#### Data excerpts

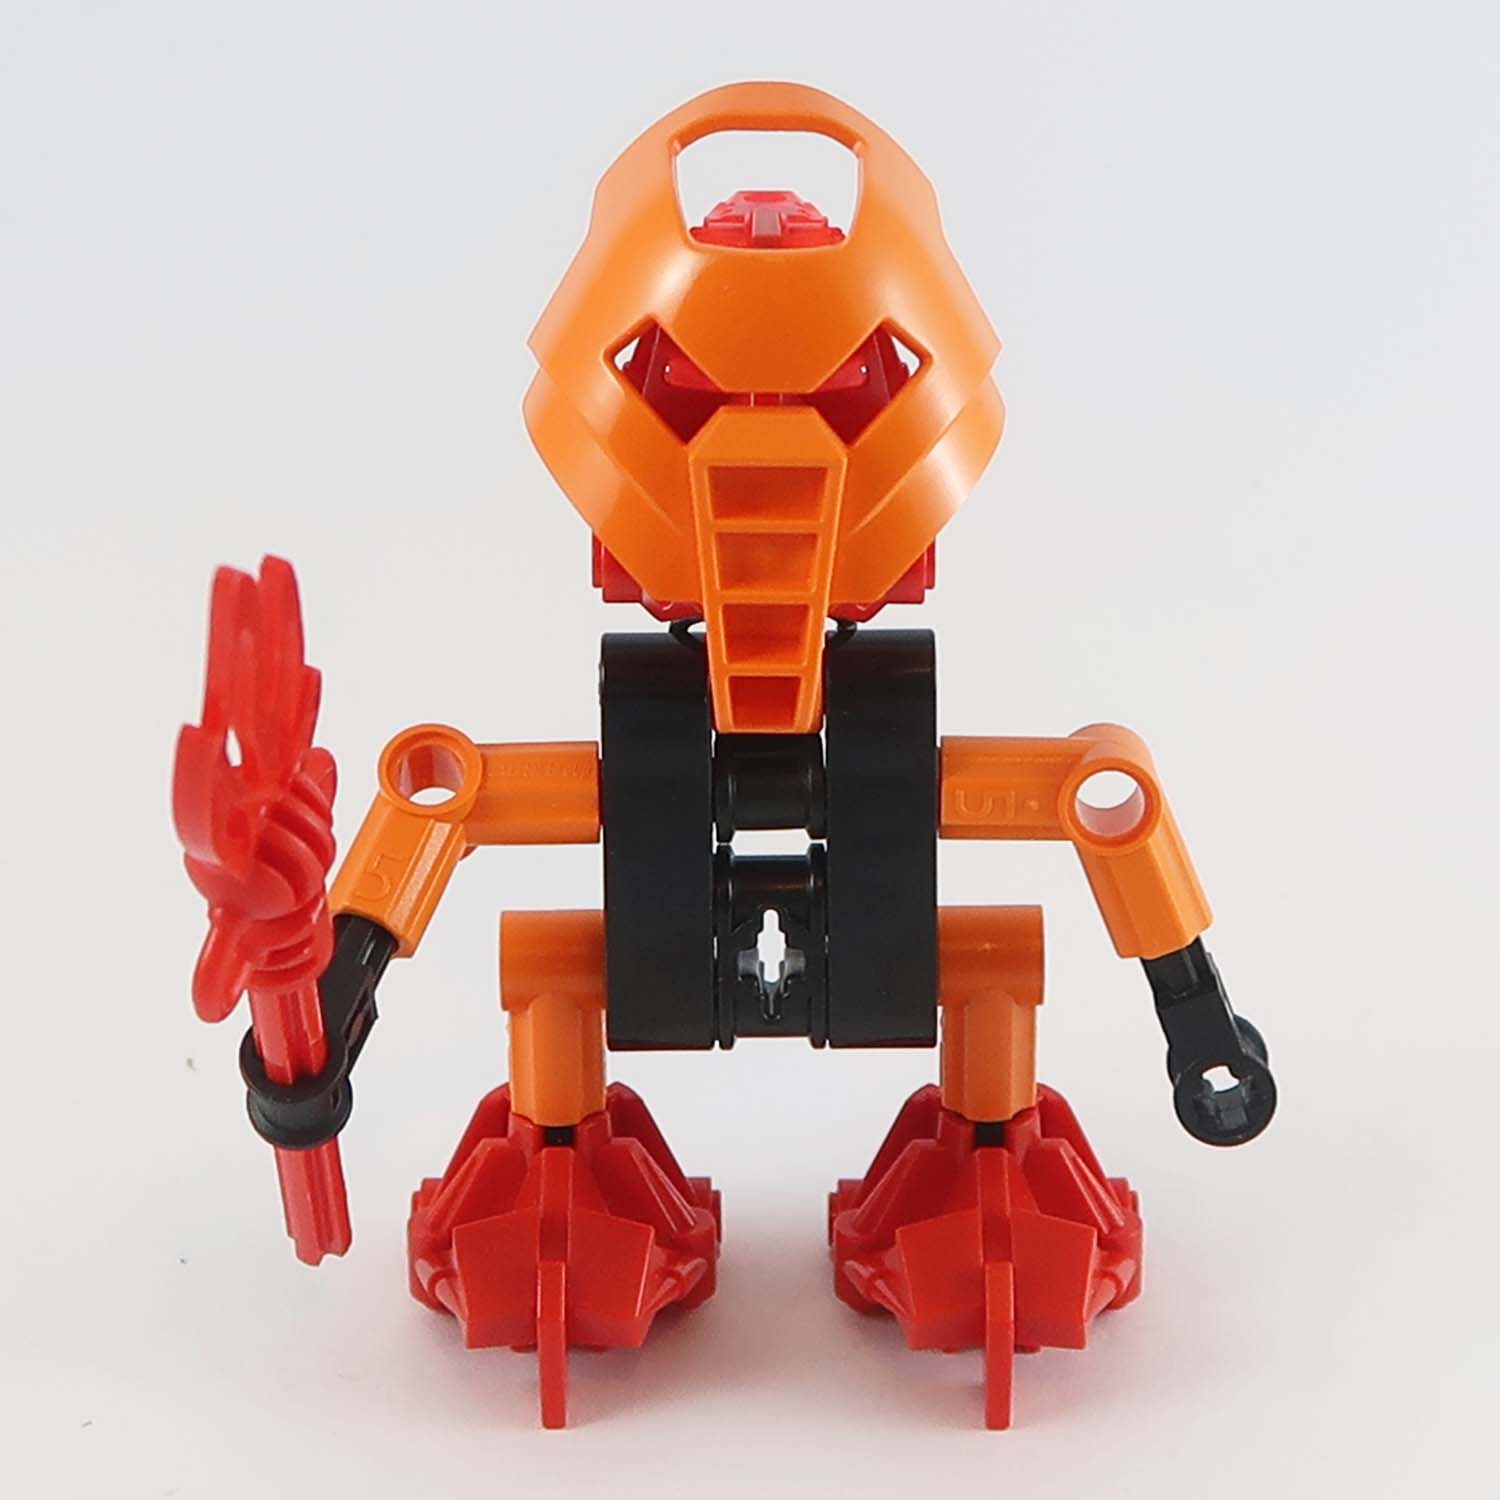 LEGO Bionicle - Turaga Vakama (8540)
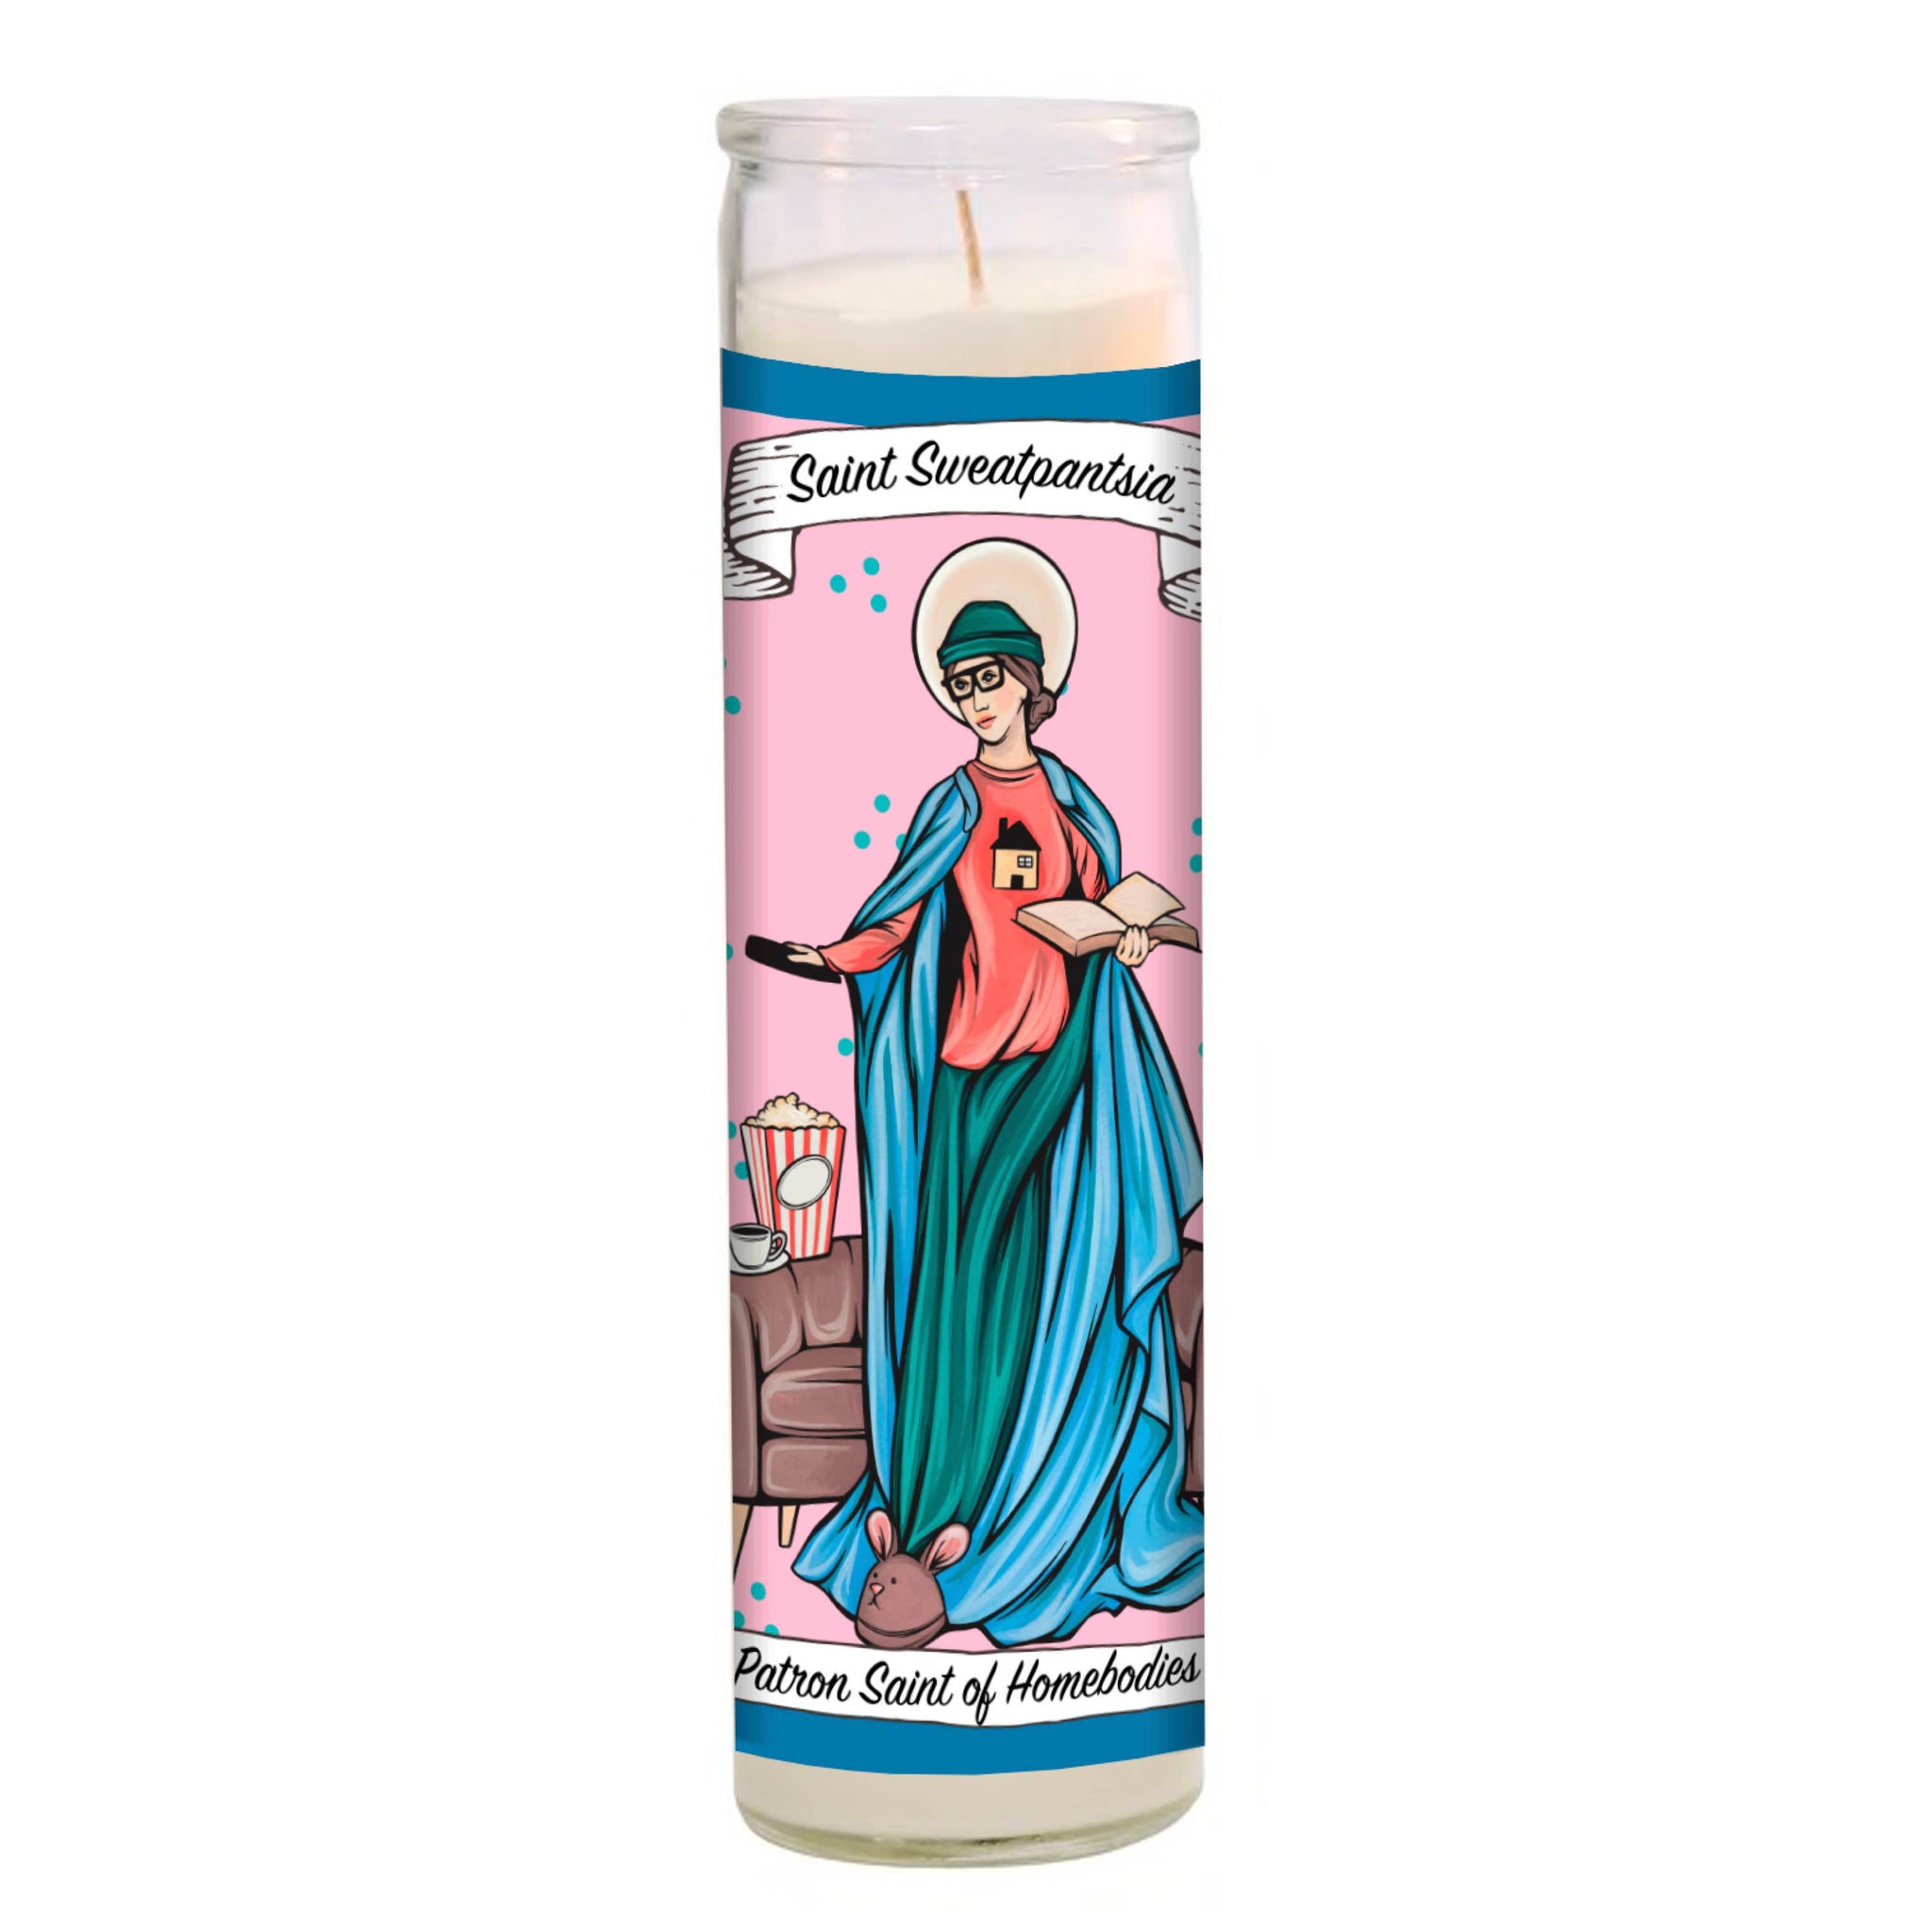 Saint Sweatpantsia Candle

########
#### Data excerpts

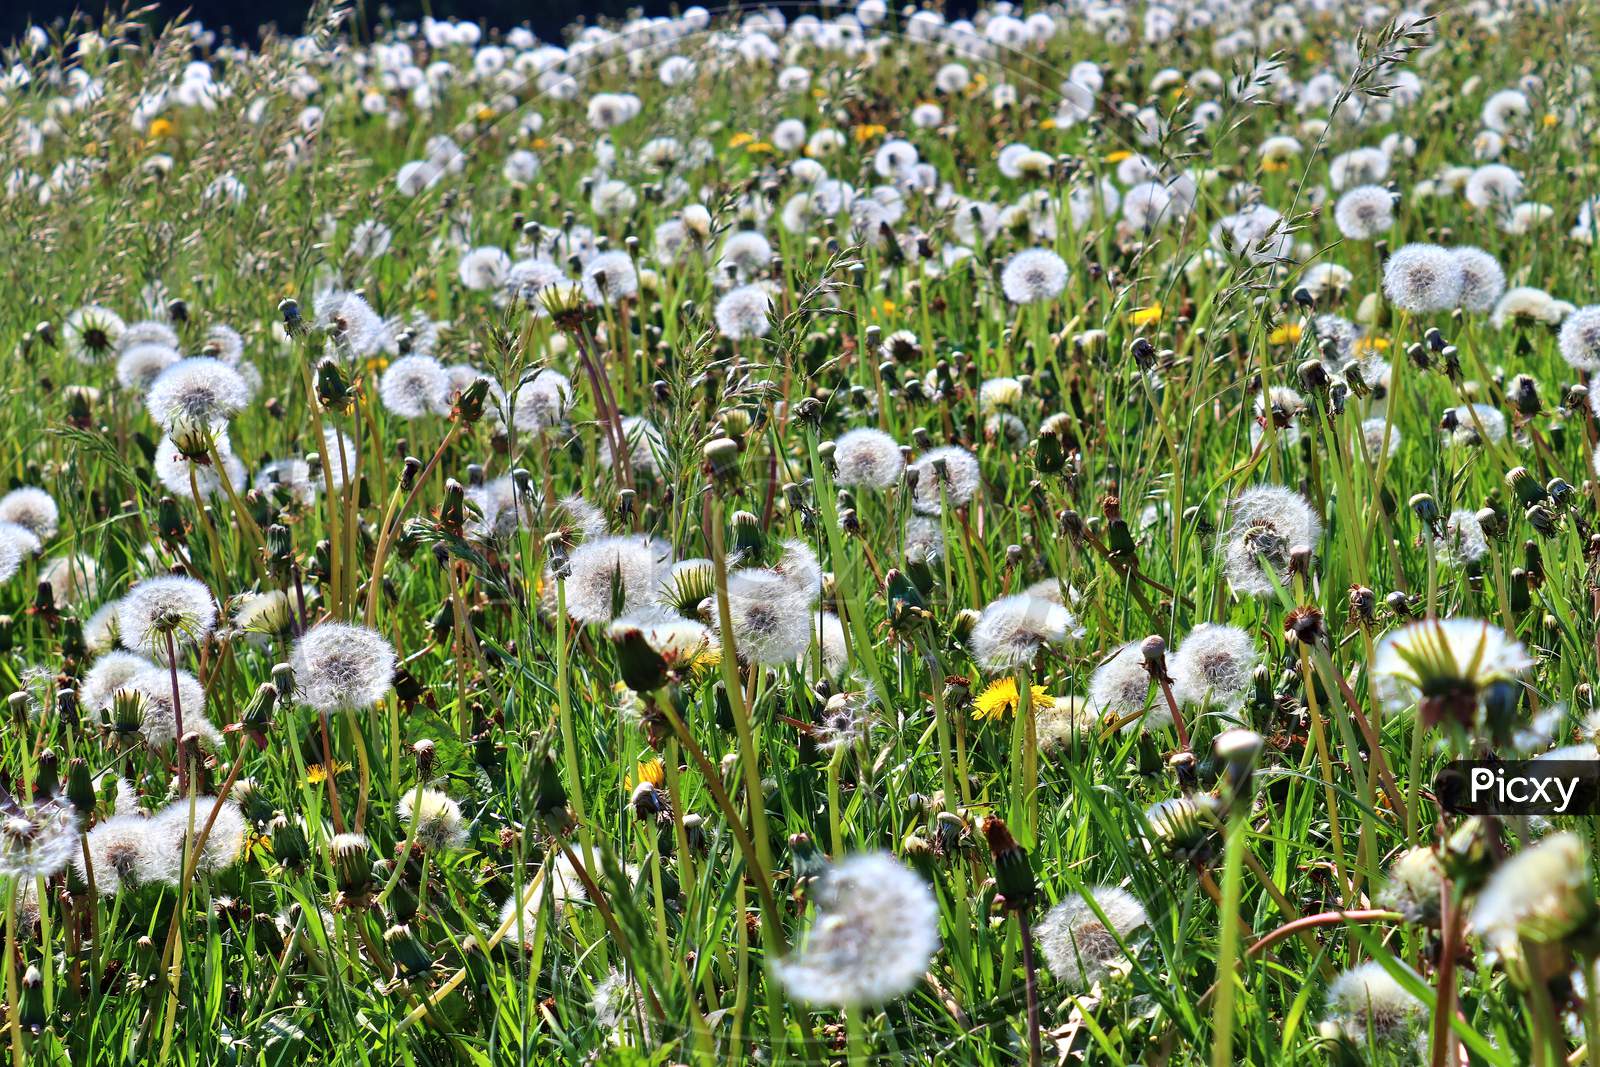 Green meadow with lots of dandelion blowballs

########
#### Data excerpts

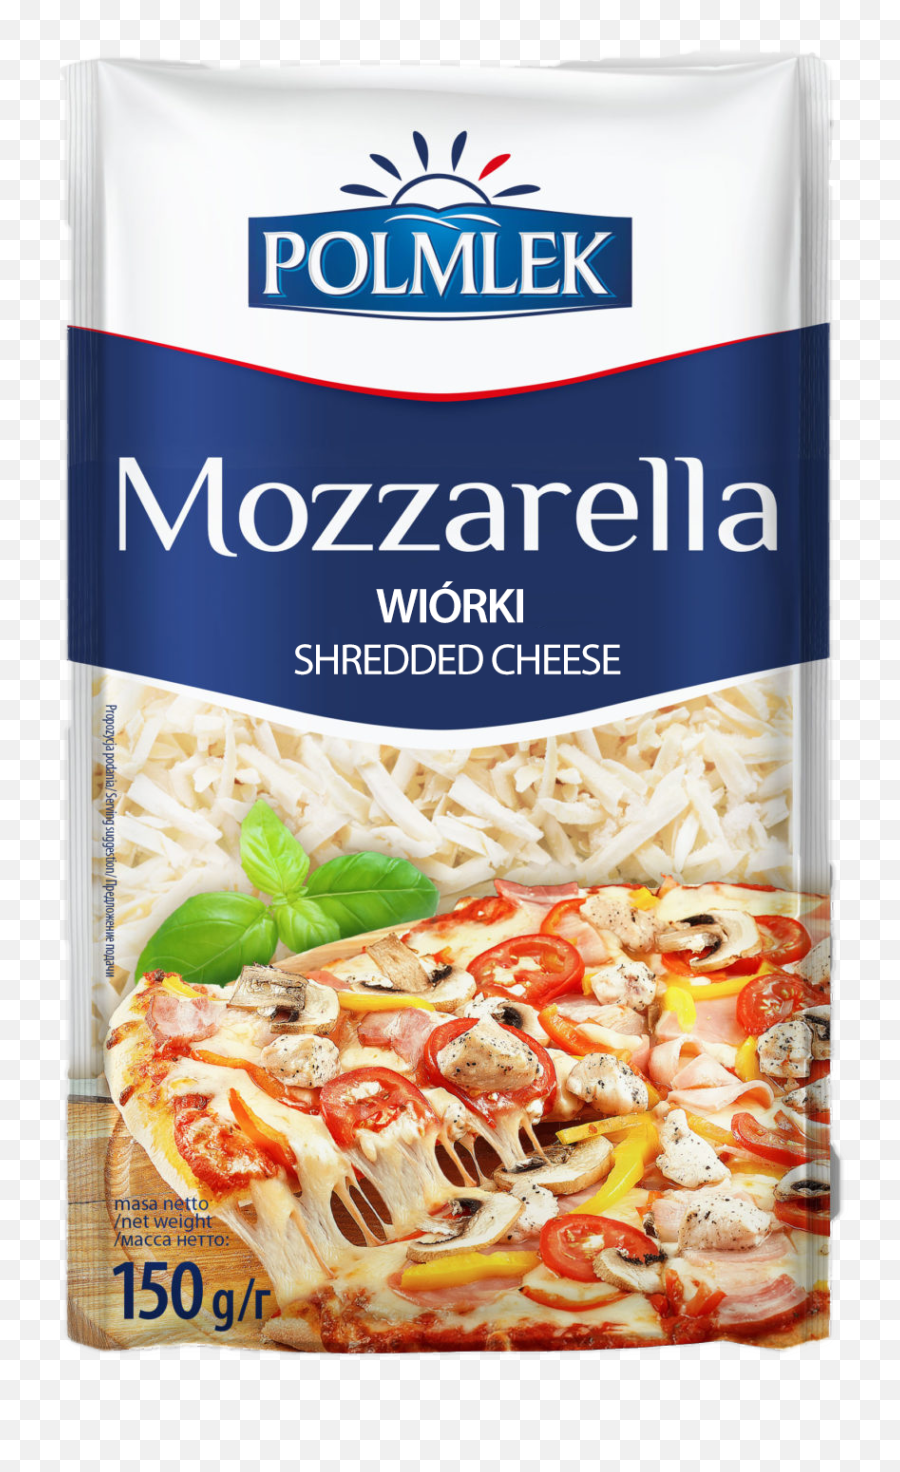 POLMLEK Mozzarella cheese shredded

########

- **What is needed**
The answer is the lines of the material above, from the one containing "LEGO Bionicle - Turaga Vakama (8540)" down to the one containing "Saint Sweatpantsia Candle", given exactly and without images.

- **Expected answer**
 LEGO Bionicle - Turaga Vakama (8540)
 Saint Sweatpantsia Candle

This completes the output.